"Well, I didn't know these wild turkeys were roosting here," Abe laughed. He roused them from their slumbers and said: "Boys, you're trying to saw the day off a little too short. It's got to run till you get to Clary's Grove. Better take those horses home and feed 'em."

The boys got up and yawned and stretched themselves and mounted their horses which had been tied to a bar and rode away in the darkness.

Next morning Abe and Samson set out for the woods soon after daylight.

"I like that boy Harry," said Abe. "I reckon he's got good stuff in him. The way he landed on Bap McNoll was a caution. I like to see a feller come right up to the scratch, without an invitation just in the nick o' time, as he did."

"Did you see him jump in?" Samson asked.

"I saw everything some way. I saw you when ye loosened the ear o' John Callyhan. That tickled me. But the way I felt yesterday—honest, it seemed as if I could handle 'em all. That boy Harry is a likely young colt—strong and limber and well put together and broad between the eyes."

"An' gentle as a kitten," Samson added. "There never was a better face on a boy or a better heart behind it. We like him."

"Yes, sir. He's a well topped young tree—straight and sound and good timber. Looks as if that little girl o' Jack's was terribly took up with him. I don't wonder. There are not many boys like Harry around here."

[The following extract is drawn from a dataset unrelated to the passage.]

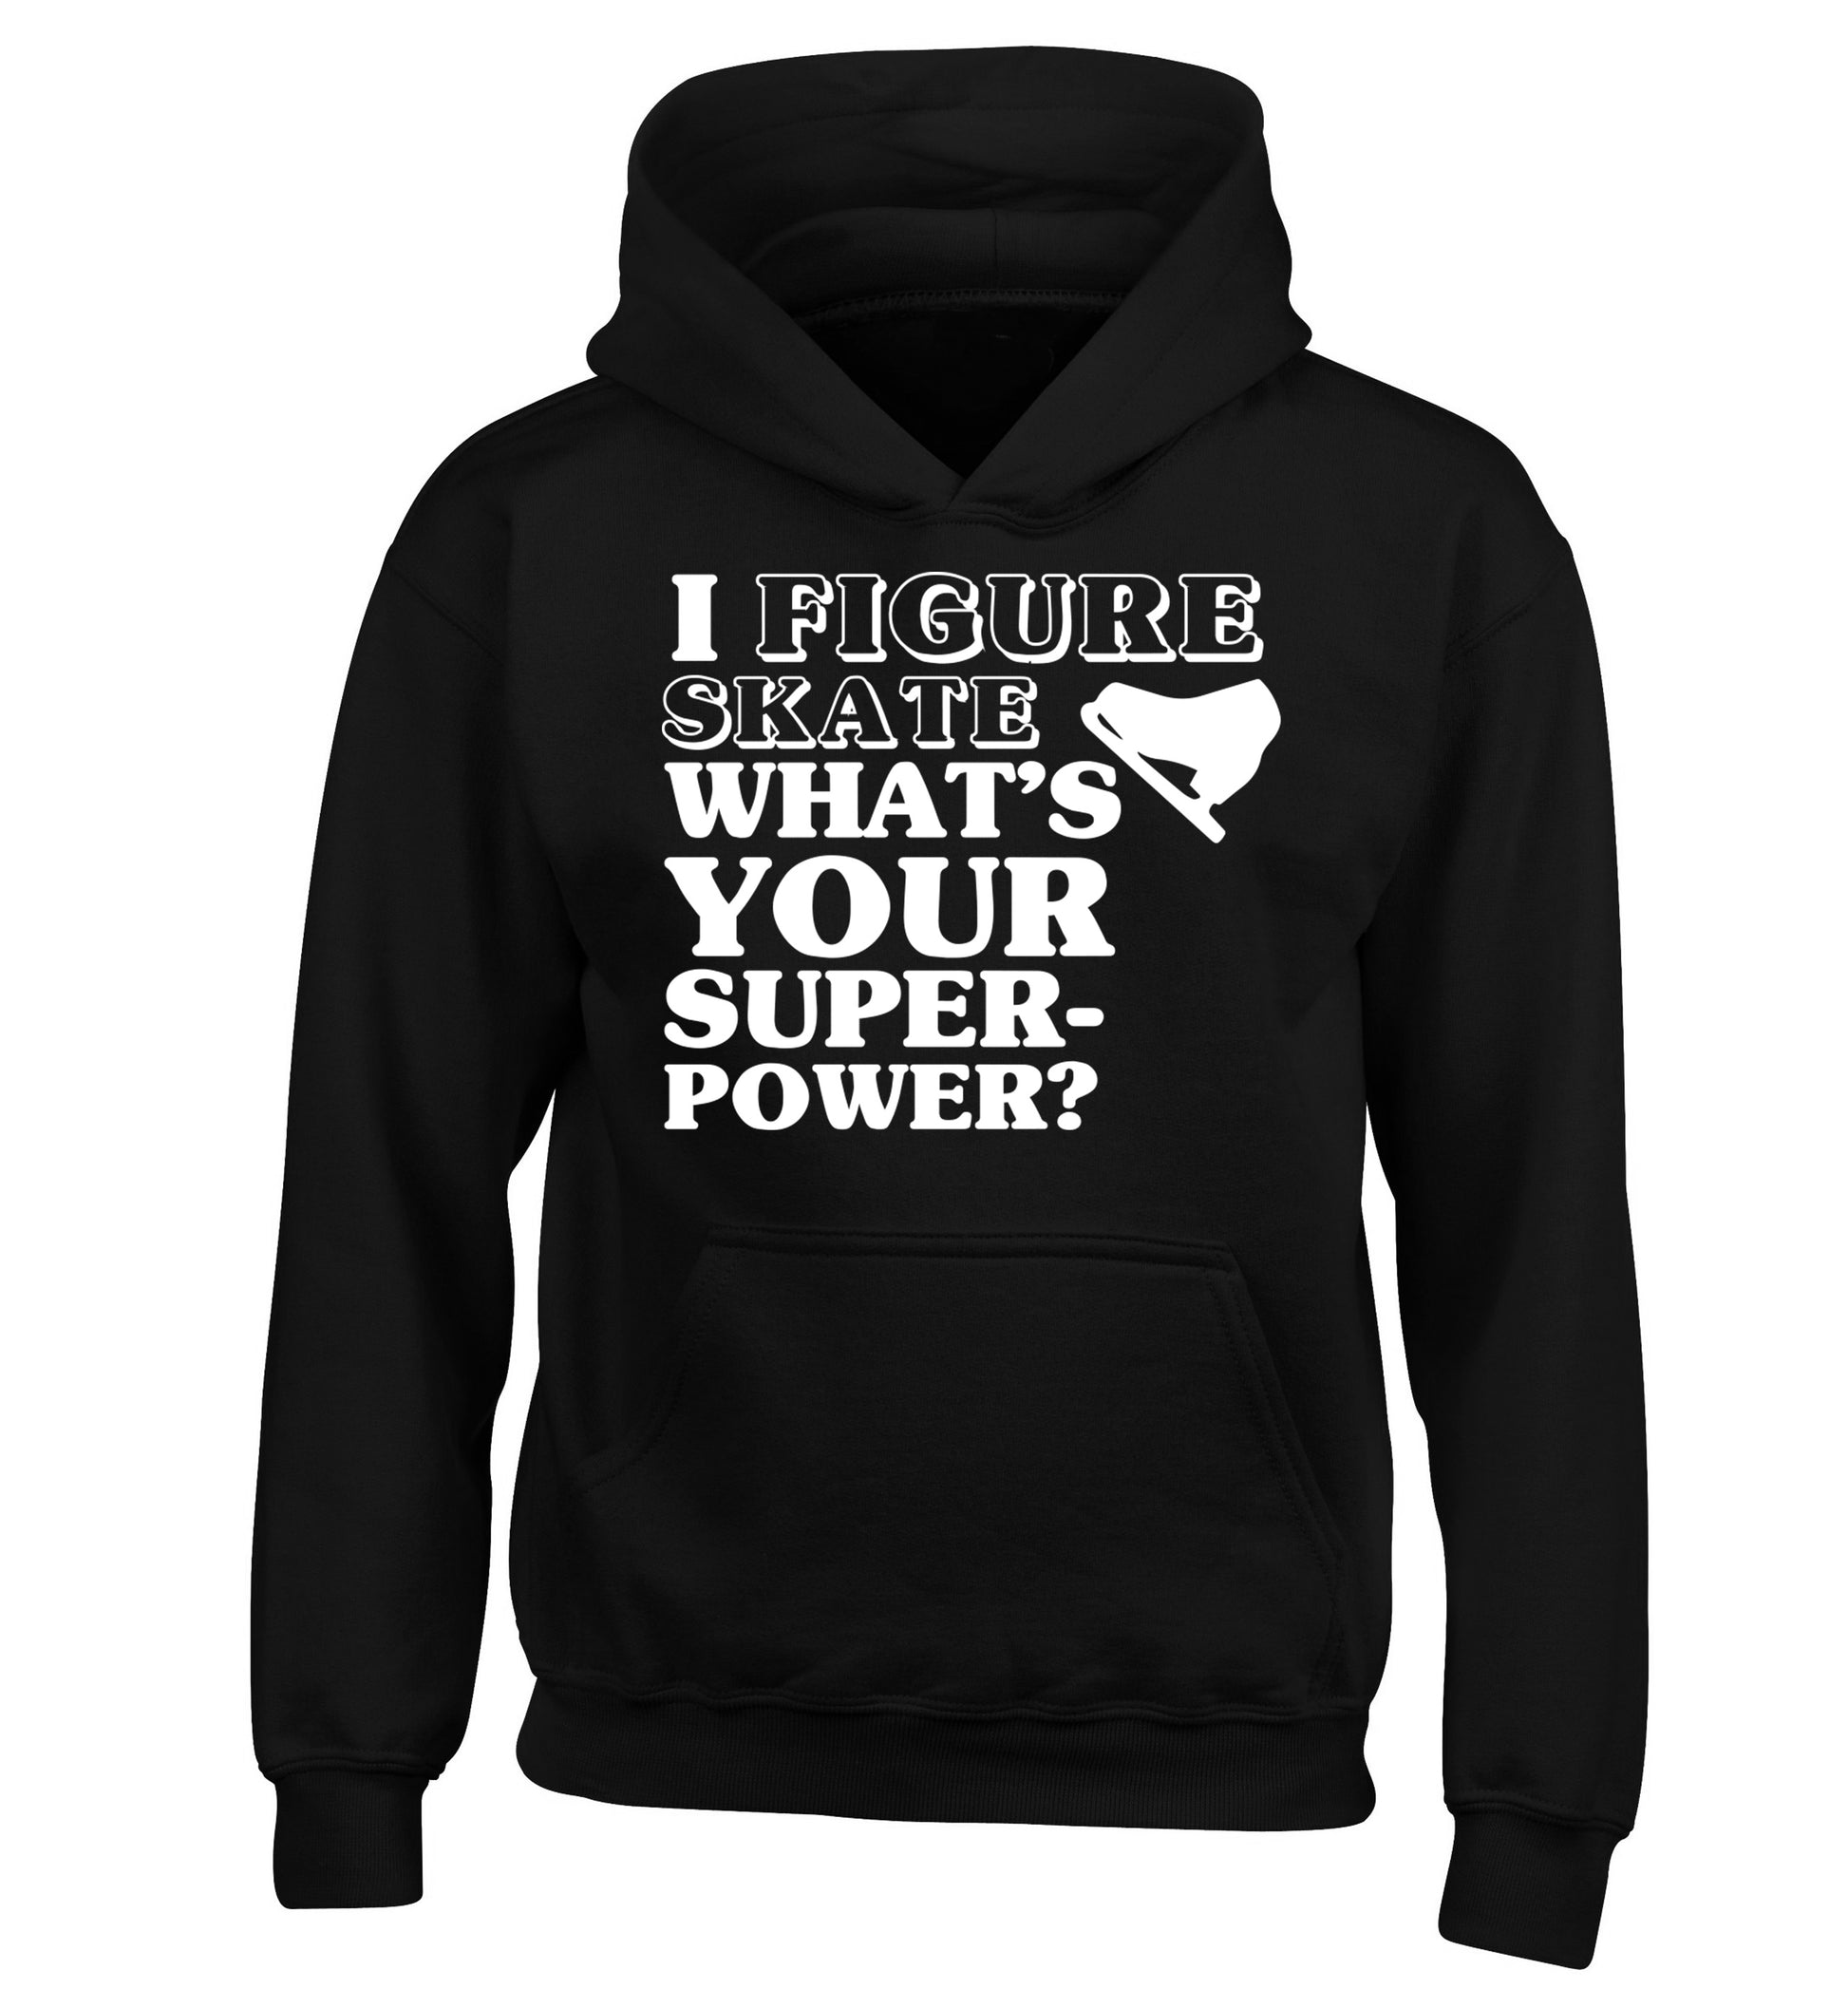 I figure skate what's your superpower? children's black hoodie 12-14 Years

"What kind of a girl is she?" Samson asked.

"Awful shy since the arrow hit her. She don't know what it means yet. She'll get used to that I reckon. She's a good girl and smart as a steel trap. Her father takes her out on the plains with him shooting. She can handle a gun as well as anybody and ride a horse as if she had growed to his back. Every body likes Bim but she has her own way of behaving and sometimes it's awful new-fashioned."